Adult Diagnosis

An autism diagnosis that comes during adulthood can really re-contextualize an entire life’s worth of events, behaviors, thoughts, and feelings. Even the phrase “autistic adult” can often summon imagery of childhood, or child-like behaviors in many - an overall ableist view of autistic adults that many of us internalize ourselves, whether we realize it or not. Rarely are there resources targeted towards autistic adults, and even more rare that those sparse resources address autistic adults as fully fledged human beings with their own wants, feelings, and will. Mostly, when an autistic adult wants to look into their own neurodiversity and explore symptoms and signs, they must first wade through article after article geared towards the parents of autistic children, and even of those, many lament the poor, unfortunate situation these parents are in - having an autistic child. The disabled in question are rarely given agency.

In addition to this, there is this overwhelming crush of grief that can sometimes follow a diagnosis in adulthood - the realization that this is what it had been all along; all of those connections that you’d struggled to make; all of those almost-there interactions that were so close to being “normal” but you know you got it wrong somehow because of the look on the other person’s face; each time you became overwhelmed and couldn’t understand what was wrong with you, or why you were feeling so strongly about this one particular thing. Or maybe you didn’t have that awareness as a child - maybe you went about your life thinking everyone else existed the same way you did. Sometimes it’s a confusing mix of both situations. Either way, there is often this grief; you truly didn’t grow up with the same tools as other children, but were expected to perform the same tasks on the same schedule with the asme startling lack of resources and guidance; and others didn’t see that struggle, or if they did, they didn’t pay enough attention. The signs were there, weren’t they?

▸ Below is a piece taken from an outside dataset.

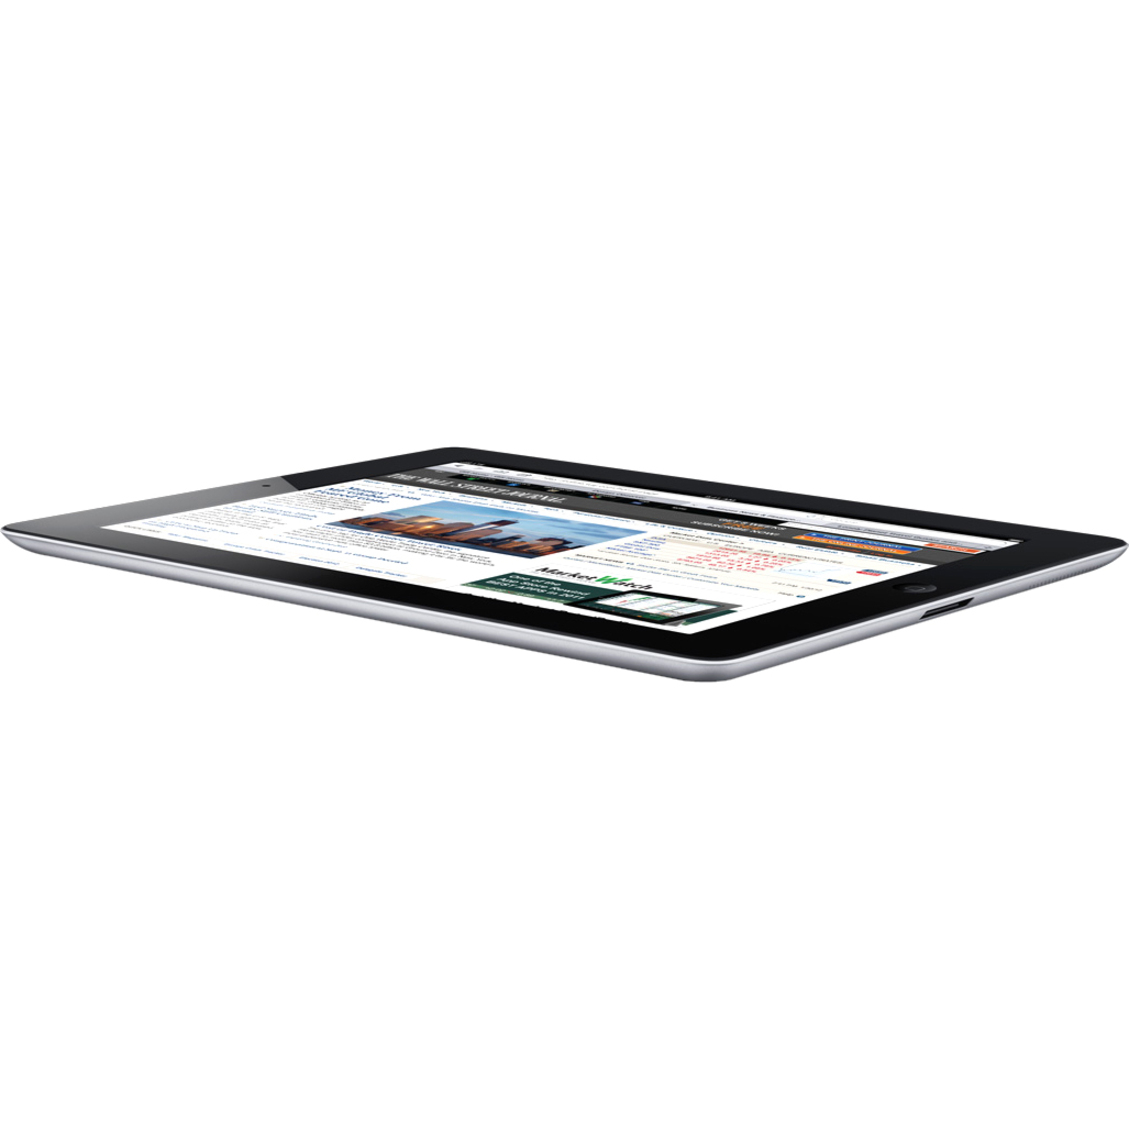 Apple iPad MD523LL/A Tablet, 9.7" QXGA, Apple A6X, 32 GB Storage, iOS 6, Black - image 4 of 6
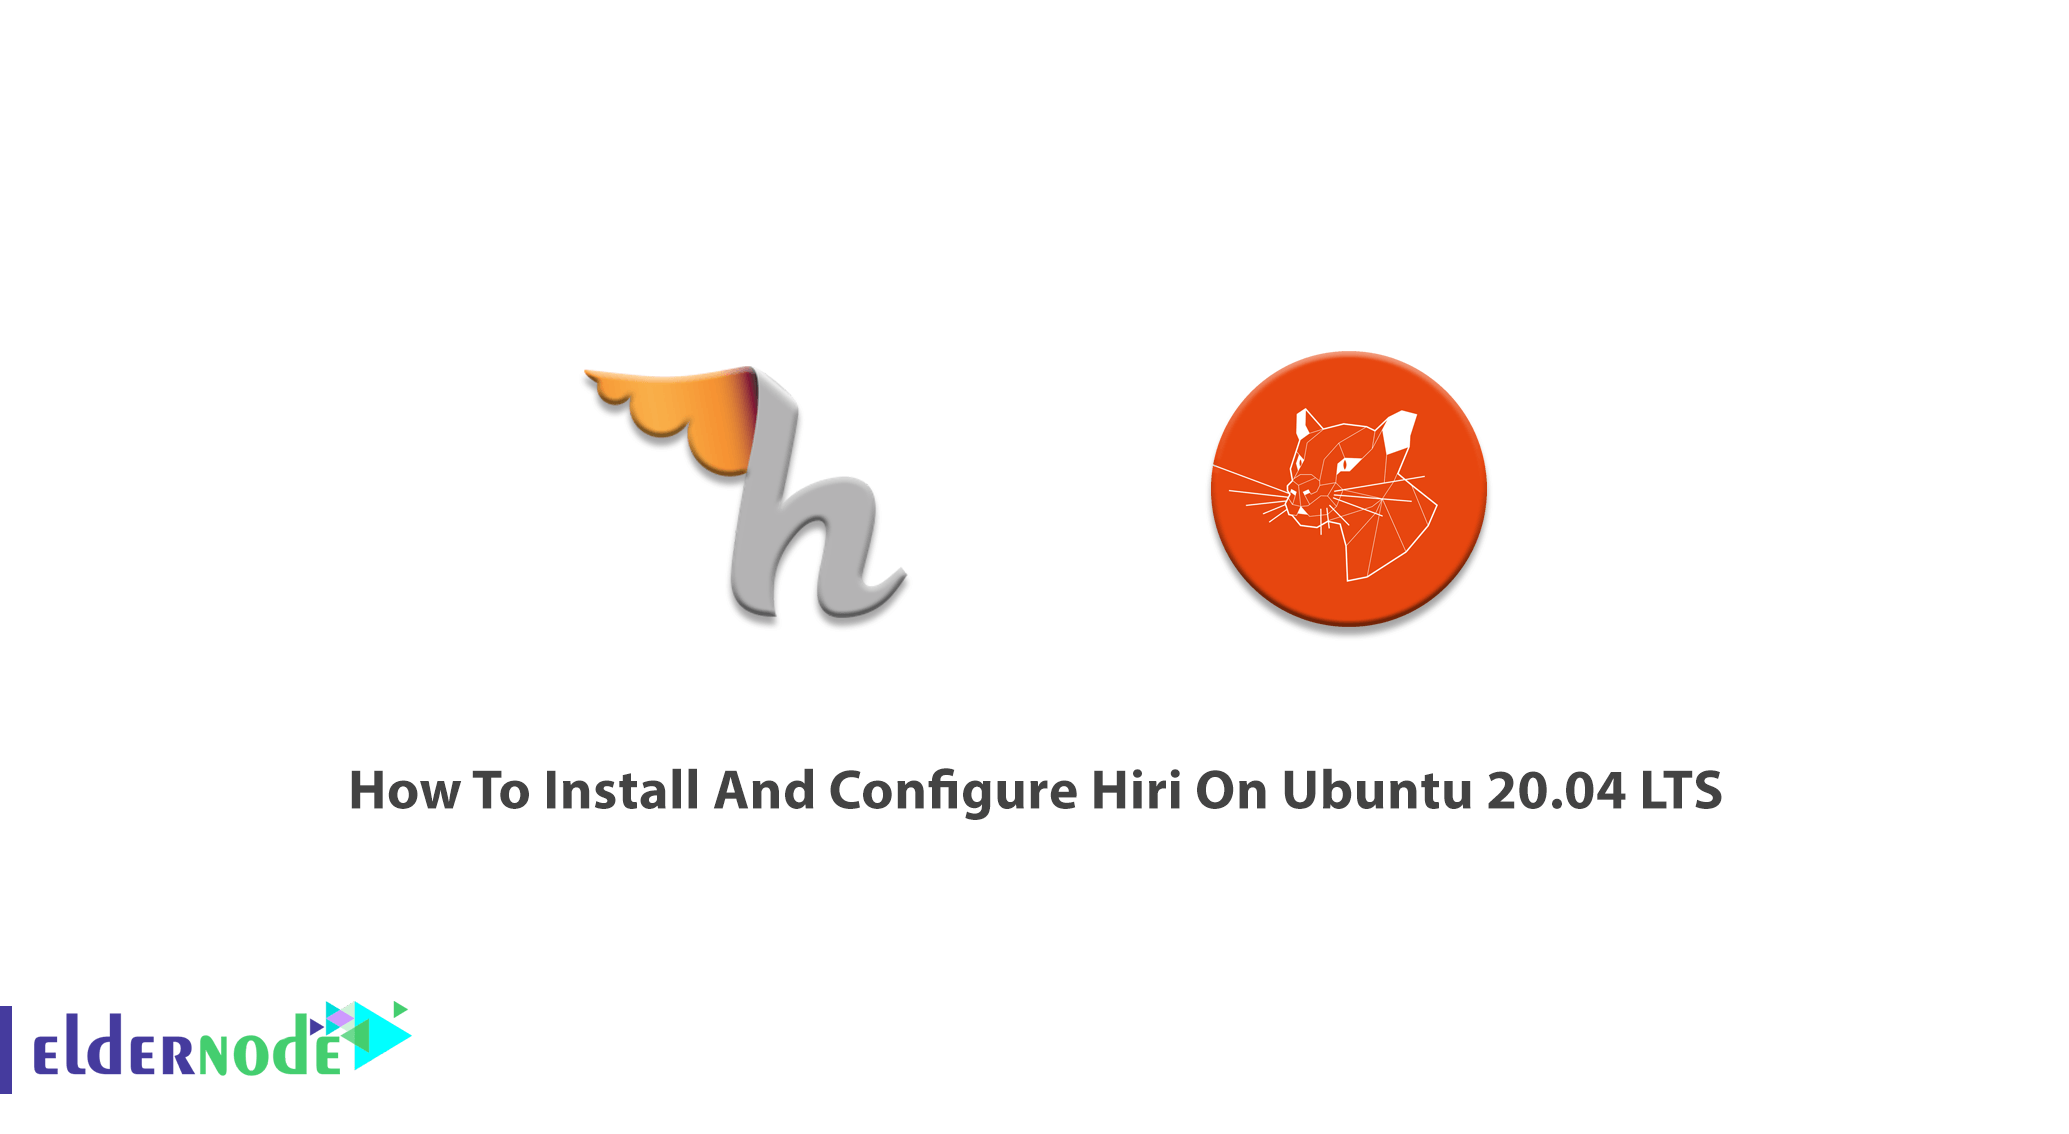 How To Install And Configure Hiri On Ubuntu 20.04 LTS

You yourself can look back and see the signs clear as day, so why did the adults in your life not notice?

“It wasn’t as common back then,” my mother had told me after I opened up about my diagnosis, which came at the age of 22. “We didn’t know as much as we do now.”

And that’s not wrong, not really, but I had all of the tells, even at the time - I was quiet, studious, focused on my books and writing all day; I had a rich inner world, a pantheon of imaginary friends, and my plush toys were my closest confidants; I struggled expressing my emotions, and was selectively mute and non-confrontational to the point that I would often have meltdowns when spoken to harshly; I was labelled “sensitive” by every adult in my life from the moment I could understand what that meant.

Is that why my mother’s words sit so bitterly in the pit of my stomach? Is it unfair to expect more from my family? I’d like to think not, but I have the bias of months, years, spent researching a disability that at the time I hadn’t even known I had. Maybe that’s the disconnect. Maybe I expect others to look outside of their own perception and consider how things might be for those unlike themselves. I can’t bring myself to accept that that’s asking too much.